Le 8 mai 1429, l’armée anglaise, qui assiégeait la ville d’Orléans, est contrainte de battre en retraite suite à la perte de trois bastilles essentielles (Saint-Loup, les Augustins et les Tourelles). Poursuivis par Jeanne d’Arc (1412-1431) et ses capitaines, les Anglais se replient dans les places fortes de Jargeau, Meung-sur-Loire et Beaugency situées dans l’arrière-pays orléanais, mais ces dernières cèdent en quelques semaines devant des Français galvanisés par le charisme de Jeanne d’Arc et la victoire d’Orléans. Jargeau tombe le 12 juin, Meung le 14 et Beaugency le 16.

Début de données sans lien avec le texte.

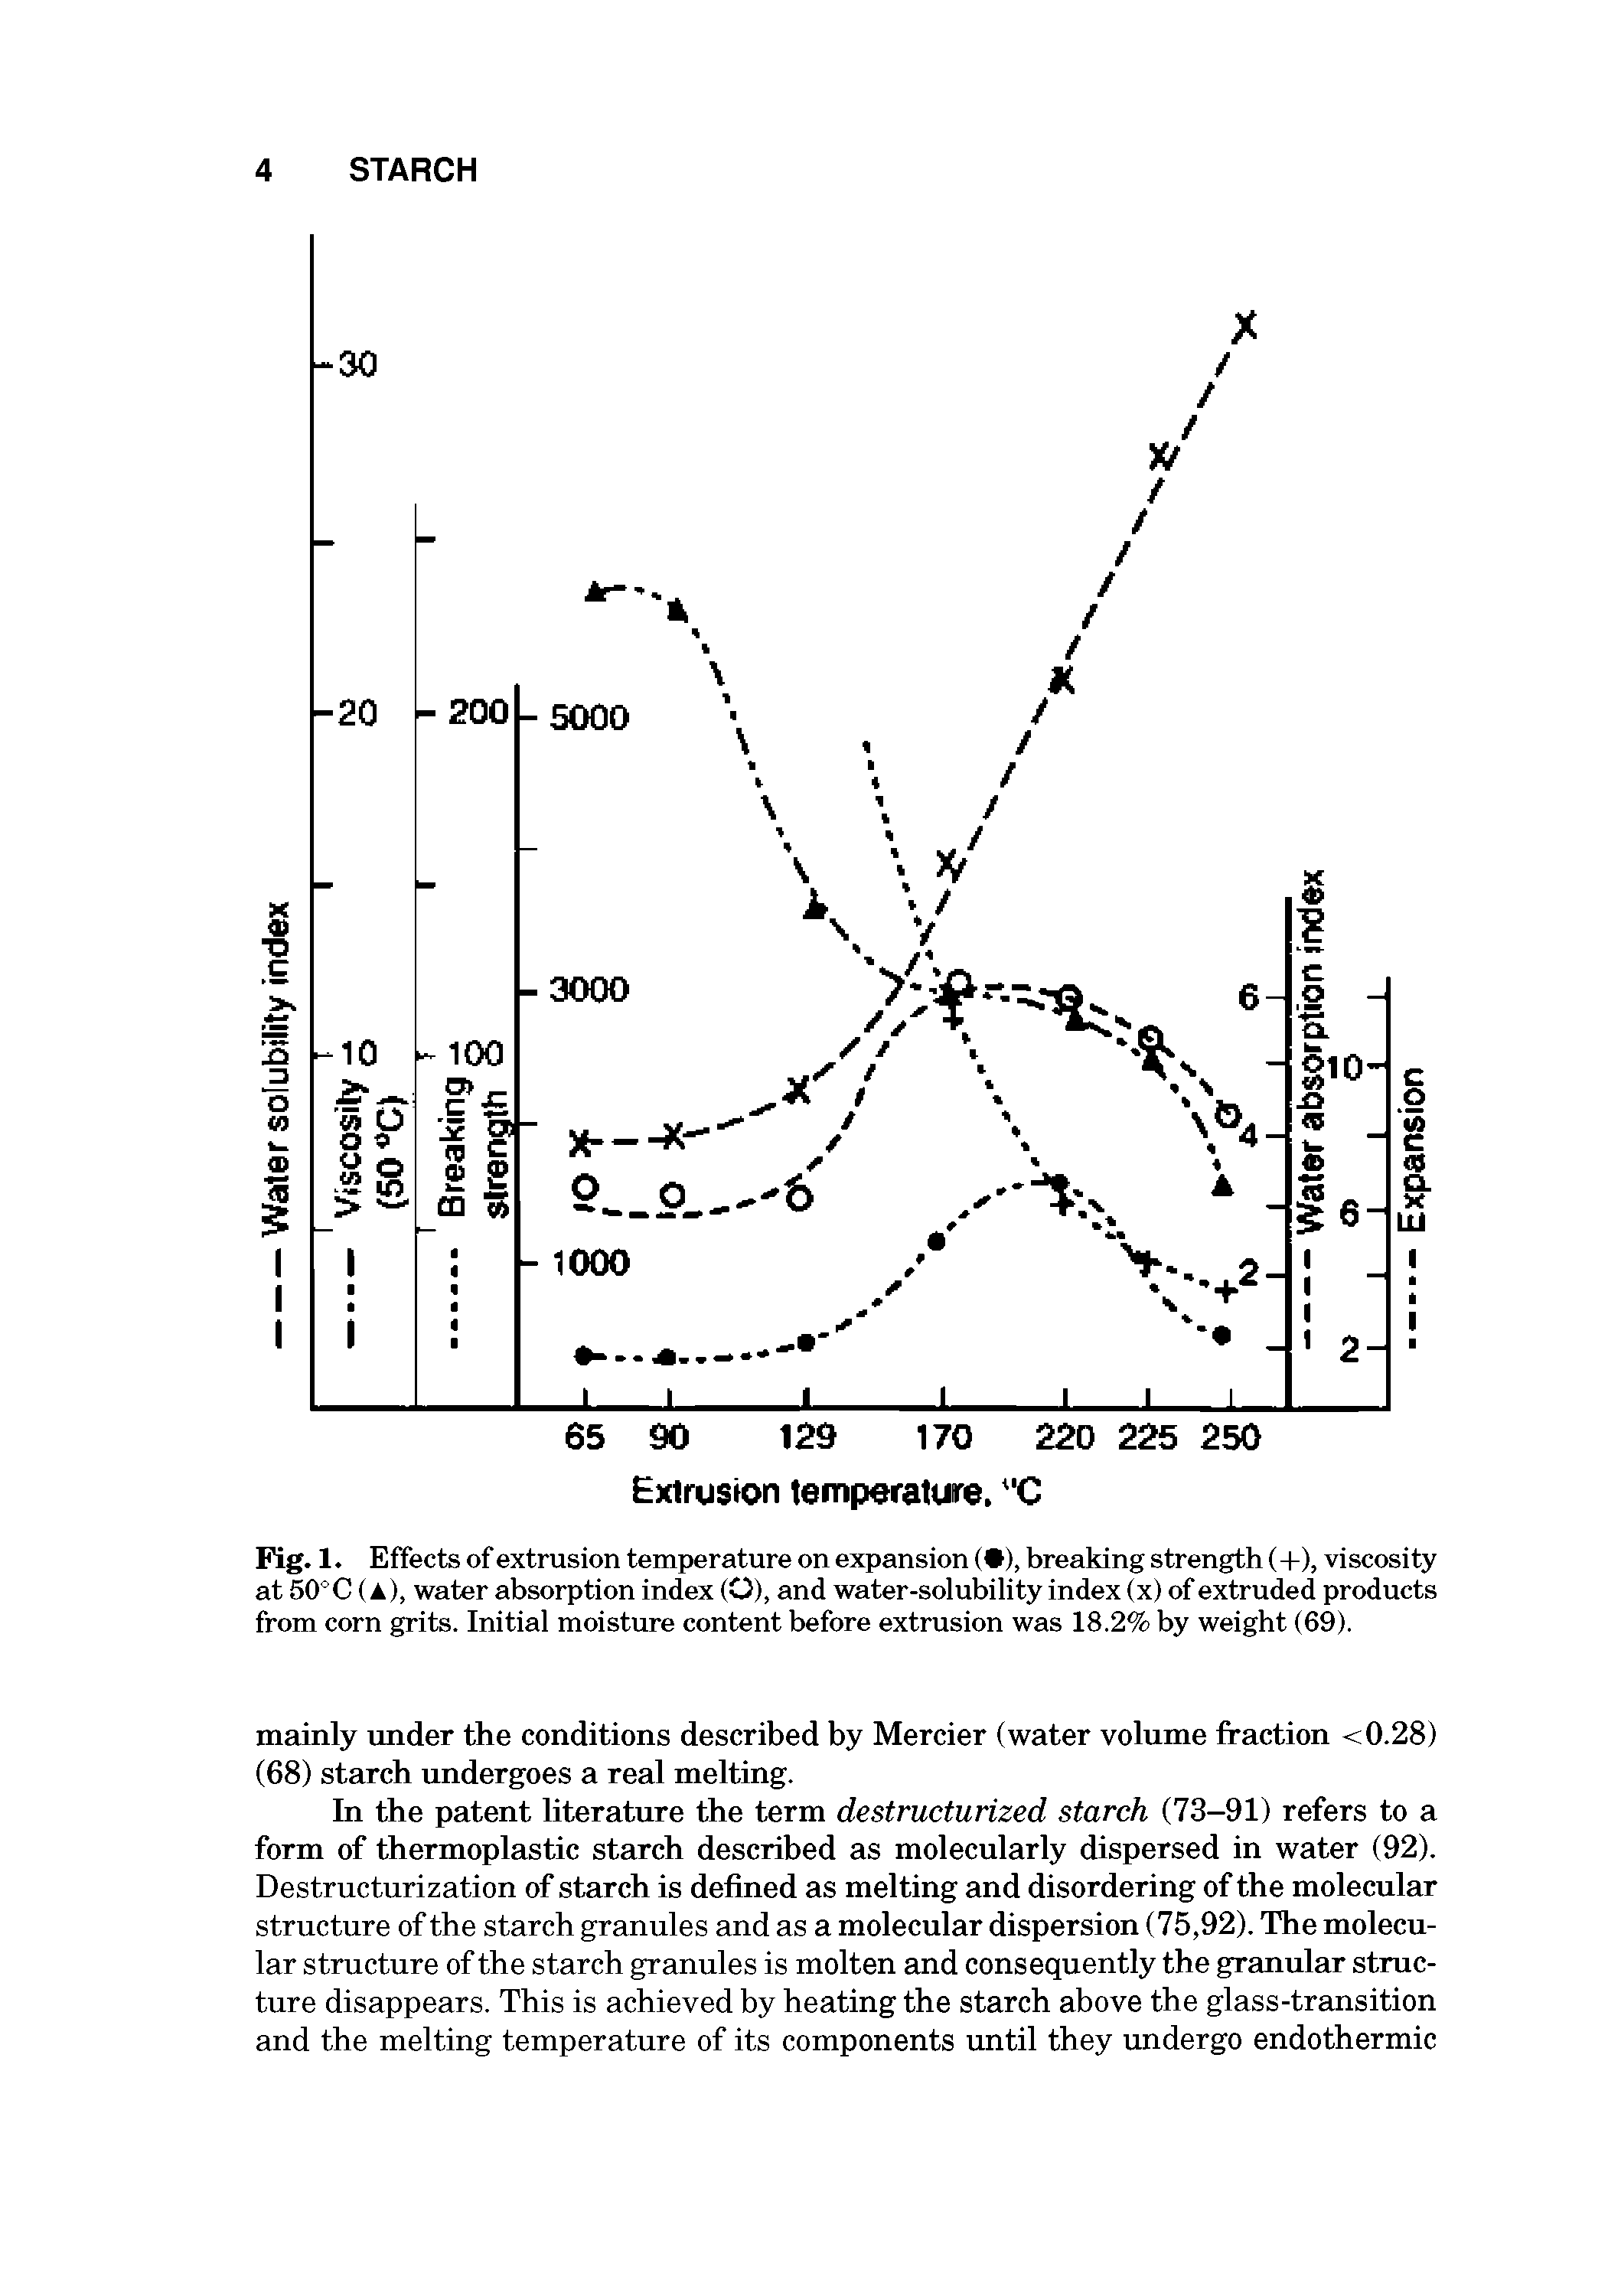 Fig. 1. Effects of extrusion temperature on expansion ( ), breaking strength (+), viscosity at 50°C (a), water absorption index (O), and water-solubility index (x) of extruded products from corn grits. Initial moisture content before extrusion was 18.2% by weight (69).

Fuyant cette dernière forteresse, le capitaine anglais John TALBOT (1384-1453) rejoint une armée de secours venue de Paris et commandée par John FASTOLF (1380-1459). Les deux capitaines décident d’affronter Jeanne d’Arc en rase campagne à Patay (25 km au nord-ouest d’Orléans) le 18 juin. Ne renouvelant pas les erreurs du passé, la cavalerie lourde française n’attaque pas frontalement mais de flanc les lignes des archers anglais. Une attaque qui plus est par surprise, car la position des « longbowmen » avait été repérée par une reconnaissance préalable (1). Incapables d’affronter au corps à corps l’avant-garde française lourdement armée, les archers furent massacrés et, avec eux, c’est toute l’armée anglaise qui fut emportée dans la défaite ce jour-là (2).

Lointaine revanche de la défaite d’Azincourt, la bataille de Patay est remportée par le Connétable Arthur de RICHEMONT (1393-1458) en l’absence de Jeanne d’Arc. TALBOT y est capturé et mis à rançon, ajoutant au retentissement d’une confrontation déjà amplifiée par la levée du siège d’Orléans un mois auparavant. Non seulement la conquête anglaise vers le sud est stoppée, mais la confiance et l’initiative ont désormais changé de camp.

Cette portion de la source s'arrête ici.